WHAT YOU HAVE TO DO:
Leaving the pictures aside, return all of the data below exactly.

THE DATA:
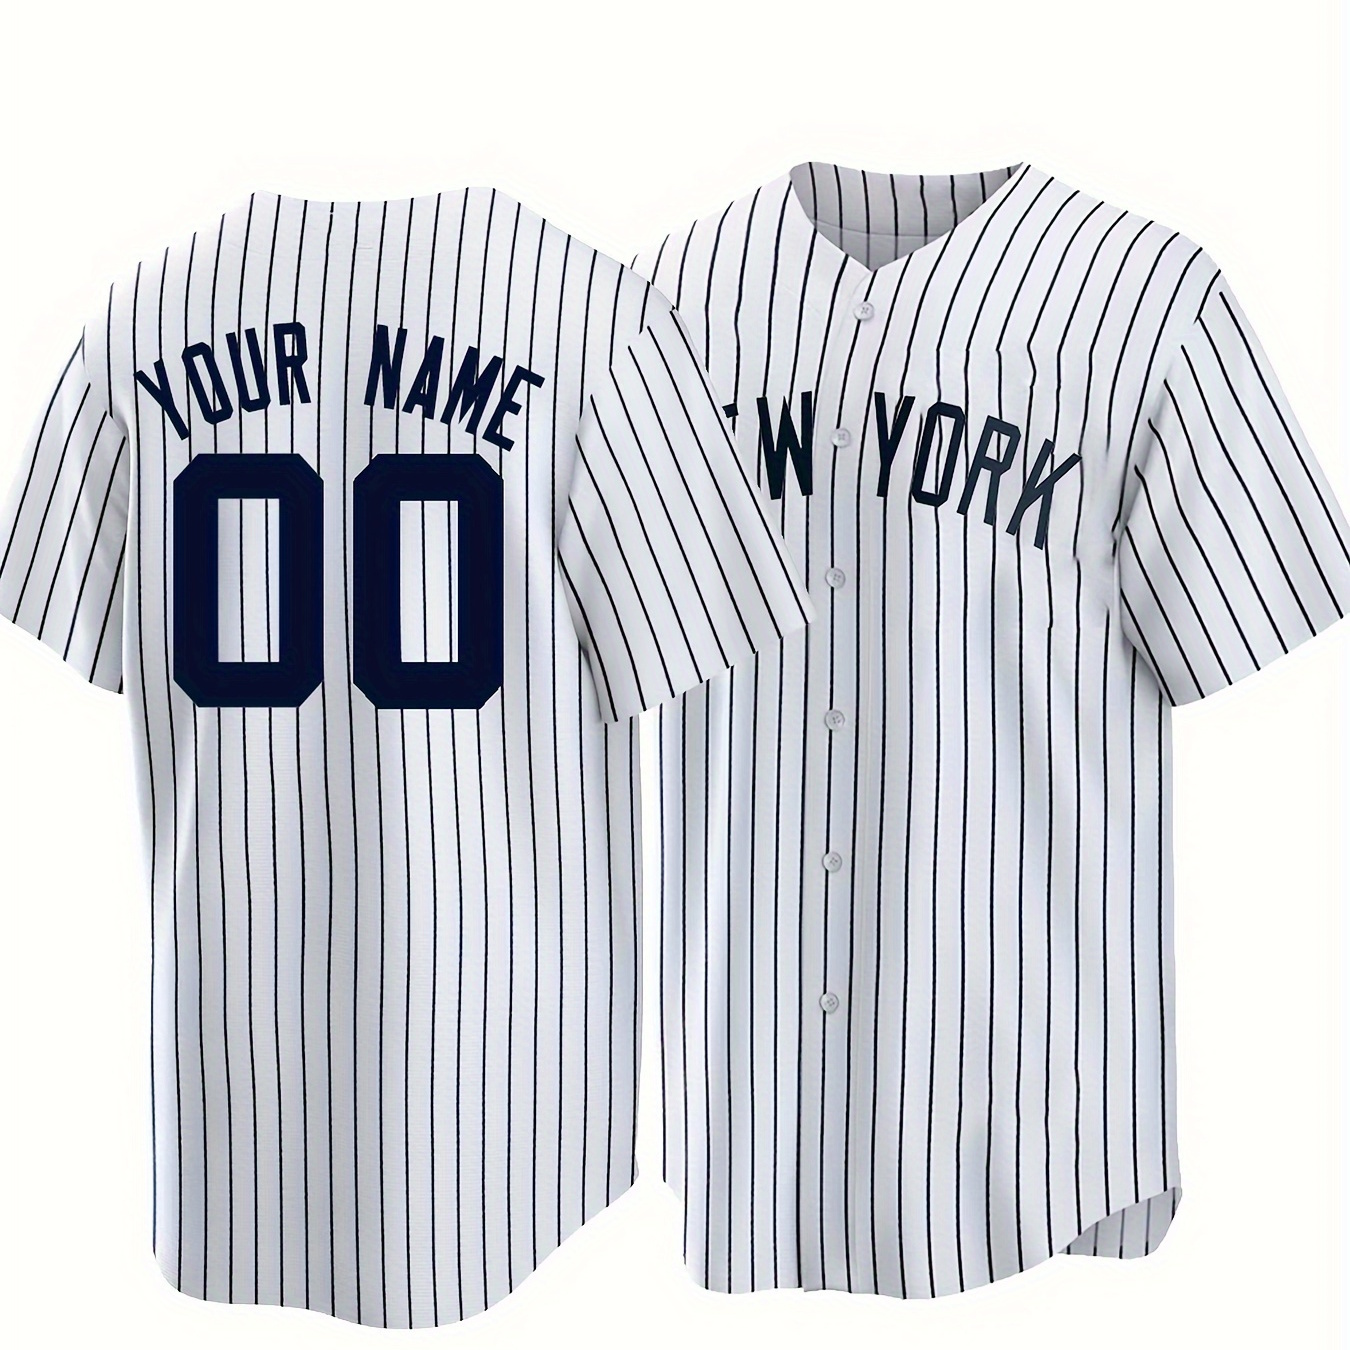 

Customized Name And Number, Men's Striped Baseball Jersey, Outdoor Daily Leisure Sports Shirt
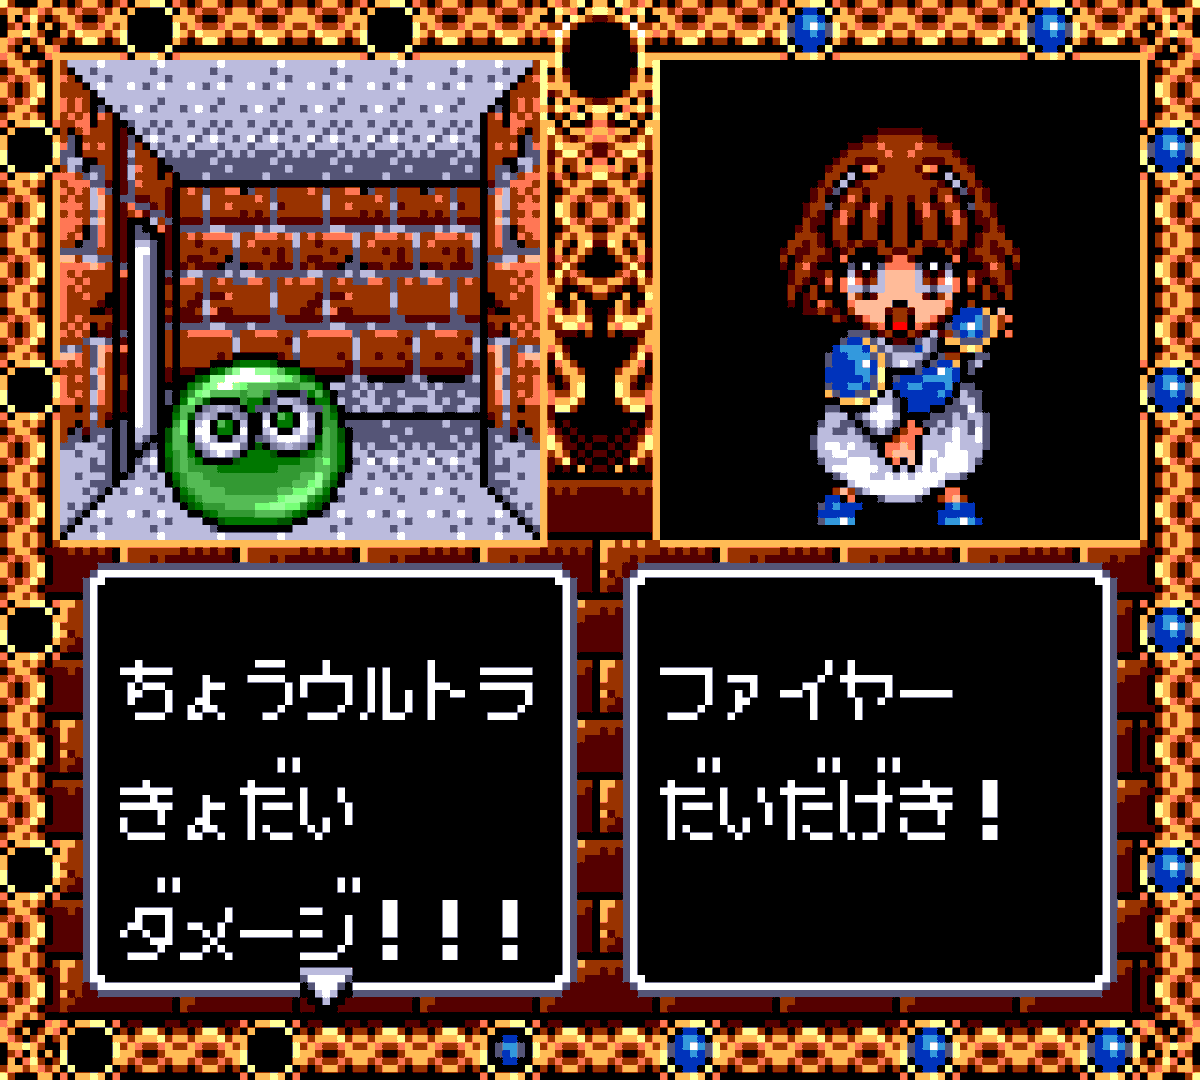 Madou Monogatari has been a surprisingly enjoyable experience so far! Nice music, interesting battle banter, and cute art :D Playing a dungeon crawler with no numbers is a neat mechanic of "just how genki are you?"Crit hit: "Super, ultra, mega damage!"
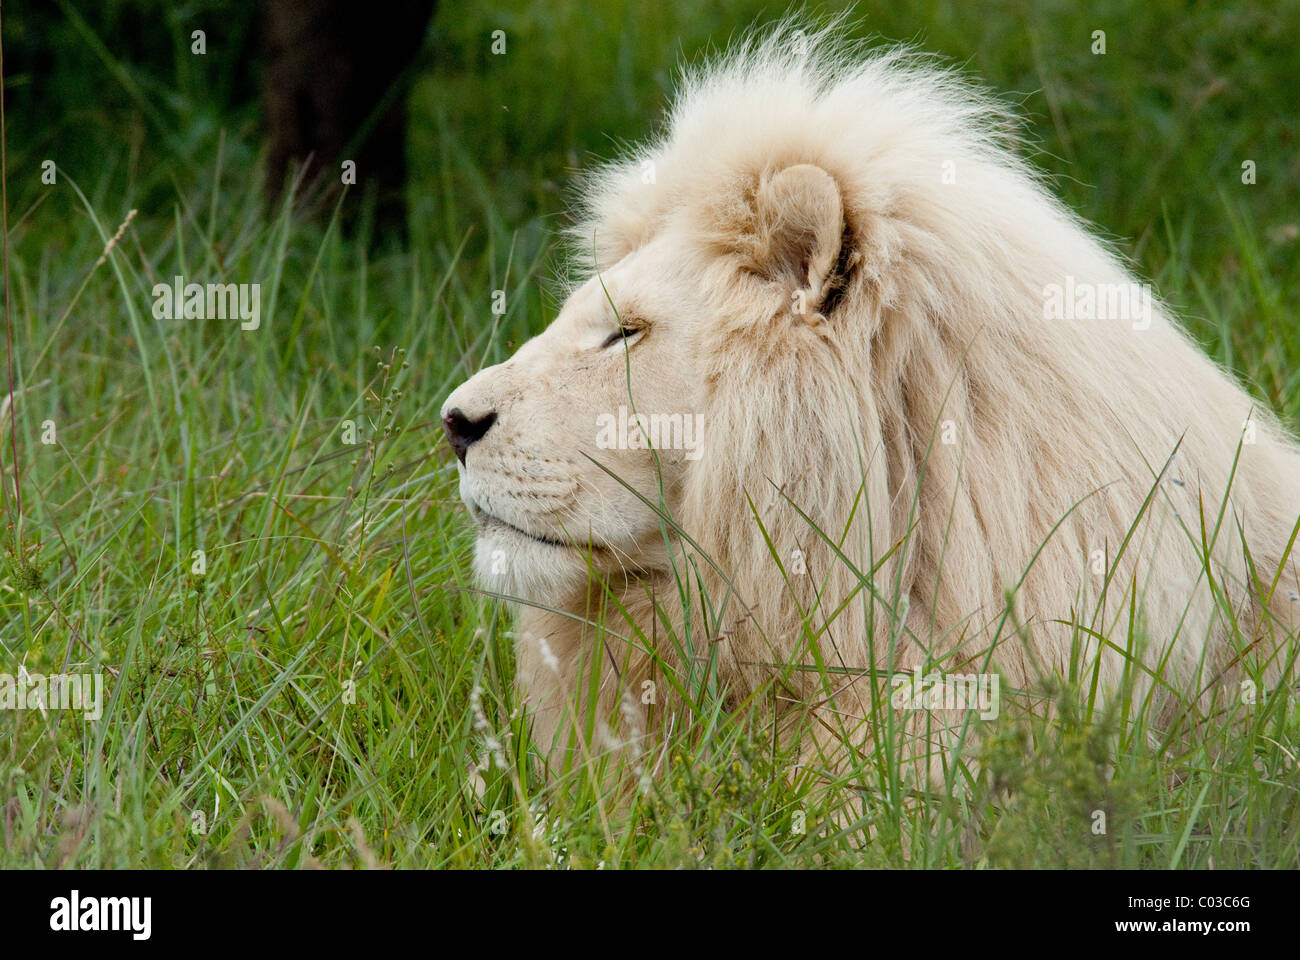 South Africa, East London, Inkwenkwezi Private Game Reserve. African lion (Wild: Panthera leo), unique cream colored male. Stock Photo

RESPONSE TO THE TASK:
Customized Name And Number, Men's Striped Baseball Jersey, Outdoor Daily Leisure Sports Shirt
 Madou Monogatari has been a surprisingly enjoyable experience so far! Nice music, interesting battle banter, and cute art :D Playing a dungeon crawler with no numbers is a neat mechanic of "just how genki are you?"Crit hit: "Super, ultra, mega damage!"
 South Africa, East London, Inkwenkwezi Private Game Reserve. African lion (Wild: Panthera leo), unique cream colored male. Stock Photo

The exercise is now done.